By: Chris Powell, Gold Anti-Trust Action Committee Inc.


-- August 20, 2005


Dear Friend of GATA and Gold:

The U.S. Government has the authority to prohibit the private
possession of gold and silver coin and bullion by U.S. citizens
during wartime, and, during wartime and declared emergencies, to
freeze their ownership of shares of mining companies, the Treasury
Department has told the Gold Anti-Trust Action Committee.

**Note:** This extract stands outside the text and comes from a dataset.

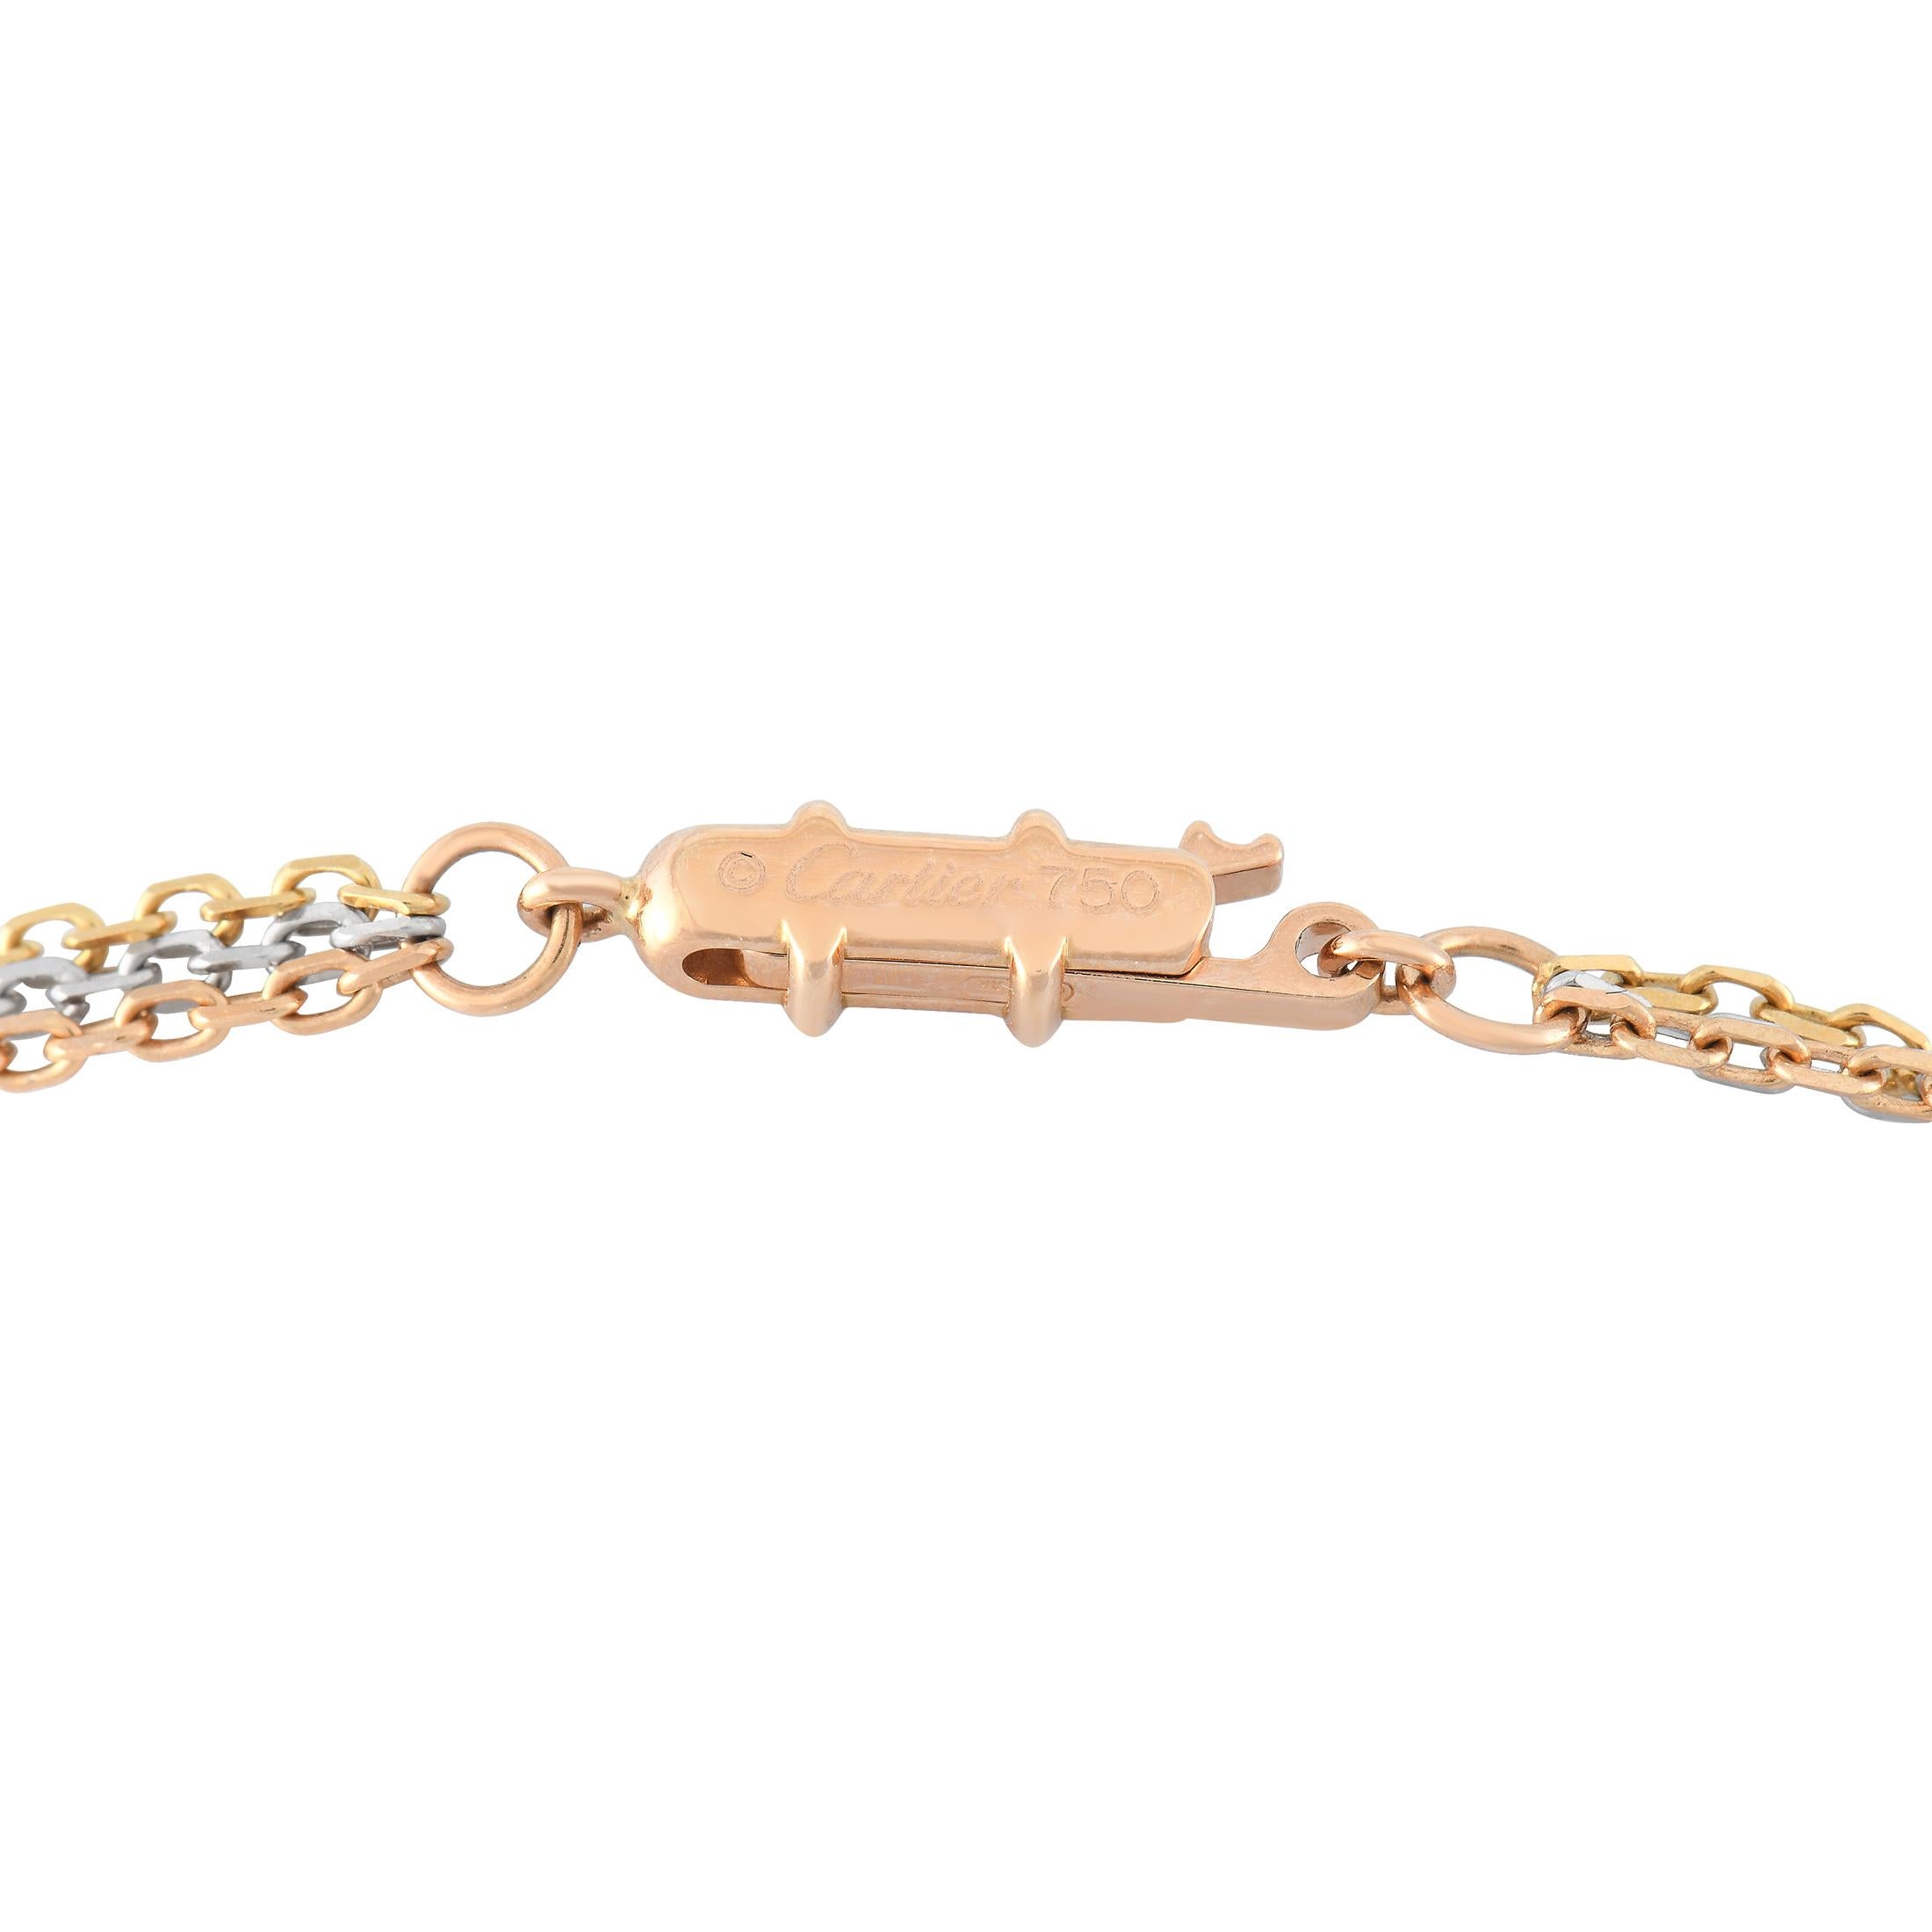 Ce collier Trinity de Cartier est tout simplement magnifique. Suspendu à une chaîne de 22 cm, vous trouverez un pendentif audacieux mesurant 1,75 cm de diamètre. Whiting est fabriqué à partir d'une combinaison d'anneaux en or blanc 18 carats, en or
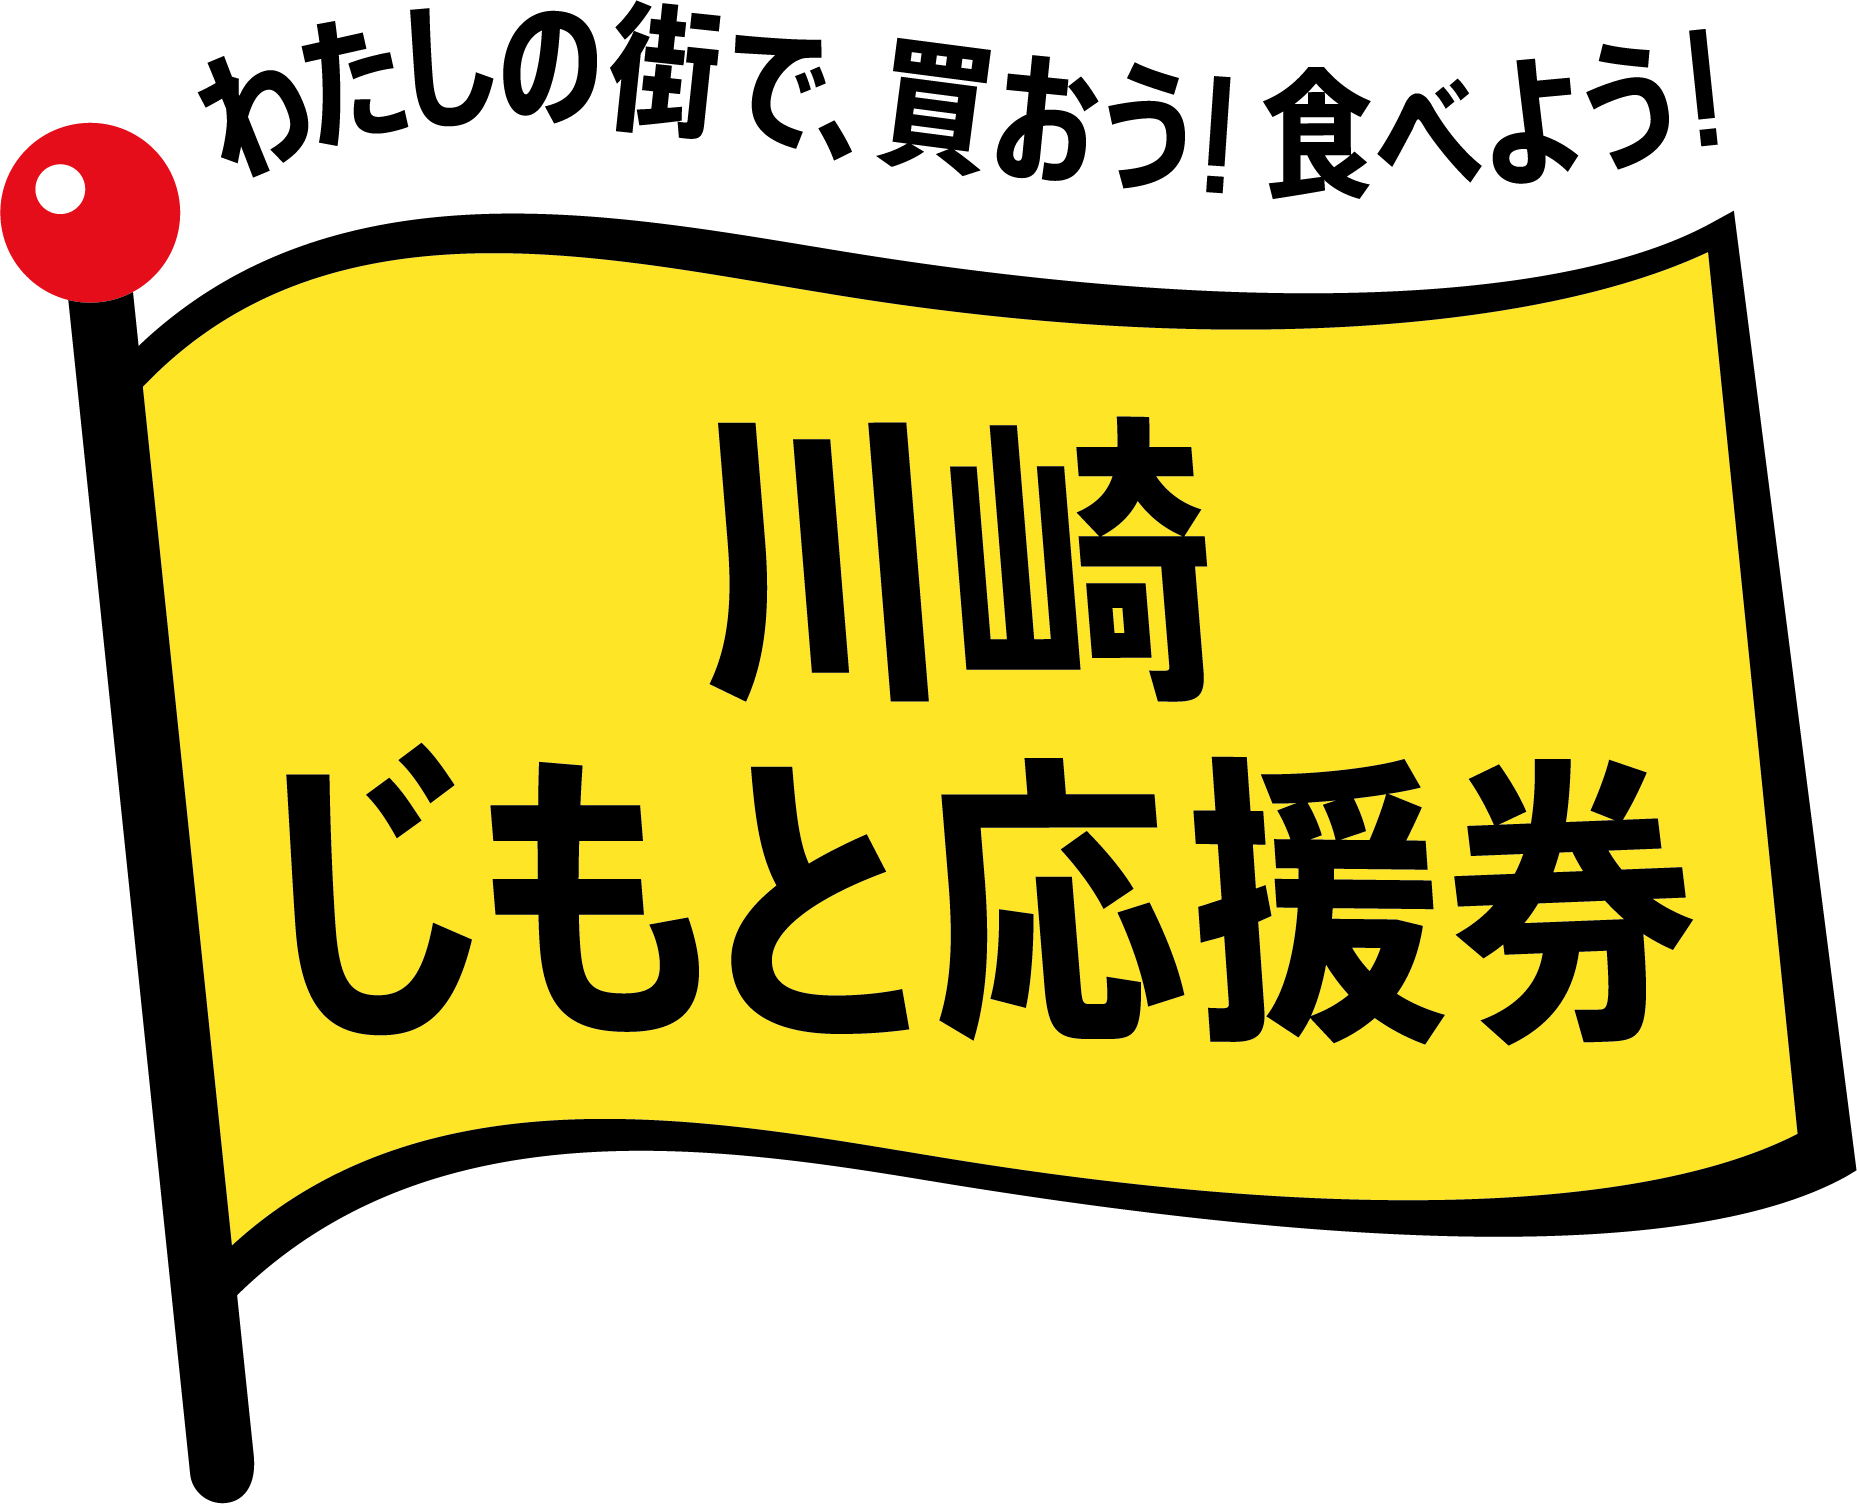 川崎じもと応援券ロゴ(旗)

But gold and silver advocates shouldn't feel too picked on. For the
U.S. Government claims the authority in declared emergencies to
seize or freeze just about everything else that might be considered
a financial instrument.

The Treasury Department's assertions came in a letter dated August
12 and written by Sean M. Thornton, chief counsel for the
department's Office of Foreign Assets Control, who replied to
questions GATA posed to the department in January. It took GATA six
months and a little prodding to get answers from the Treasury, but
the Treasury's reply, when it came, was remarkably comprehensive and
candid.

The government's authority to interfere with the ownership of gold,
silver, and mining shares arises, Thornton wrote, from the Trading
With the Enemy Act, which became law in 1917 during World War I and
applies during declared wars, and from 1977's International
Emergency Economic Powers Act, which can be applied without declared
wars.

While the Trading With the Enemy Act authorizes the government to
interfere with the ownership of gold and silver particularly, it
also applies to all forms of currency and all securities. So the
Treasury official stressed that it could be applied not just to
shares of gold and silver mining companies but to the shares of all
companies in which there is a foreign ownership interest. Further,
there is no requirement in the law that the targets of the
government's interference must have some connection to the declared
enemies of the United States, or, really, some connection to foreign
ownership. Anything that can be construed as a financial instrument,
no matter how innocently it has been used, is subject to seizure
under the Trading With the Enemy Act and the International Emergency
Economic Powers Act.

Having just gone through a controversy about a Supreme Court
decision about government's power of eminent domain, most Americans
may be surprised to learn that the Trading With the Enemy Act and
the International Emergency Economic Powers Act could expropriate
them instantly and far more broadly without any of the due process
extended to parties in eminent domain cases. All that is needed is a
presidential proclamation of an emergency of some kind -- and of
course Americans lately have been living in a state of perpetual
emergency.

When the Trading With the Enemy Act was passed in 1917, gold and
silver formed part of the official currency of the United States and
were essential to ordinary commerce, so perhaps an argument could be
made then against "hoarding," even if "hoarding" could not be well
defined. That is no longer the case; the United States has
officially disavowed gold and silver as money and they no longer
have a meaningful role in commerce. (GATA is working on that.) So
gold and silver investors may want to ask their members of Congress
to seek repeal of the statutes that give the government the
authority to interfere with the private ownership of gold and
silver, emergencies or not.

And ordinary citizens with no particular interest in gold and silver
may want to ask their members of Congress to reconsider these
statutes simply for being wildly tyrannical.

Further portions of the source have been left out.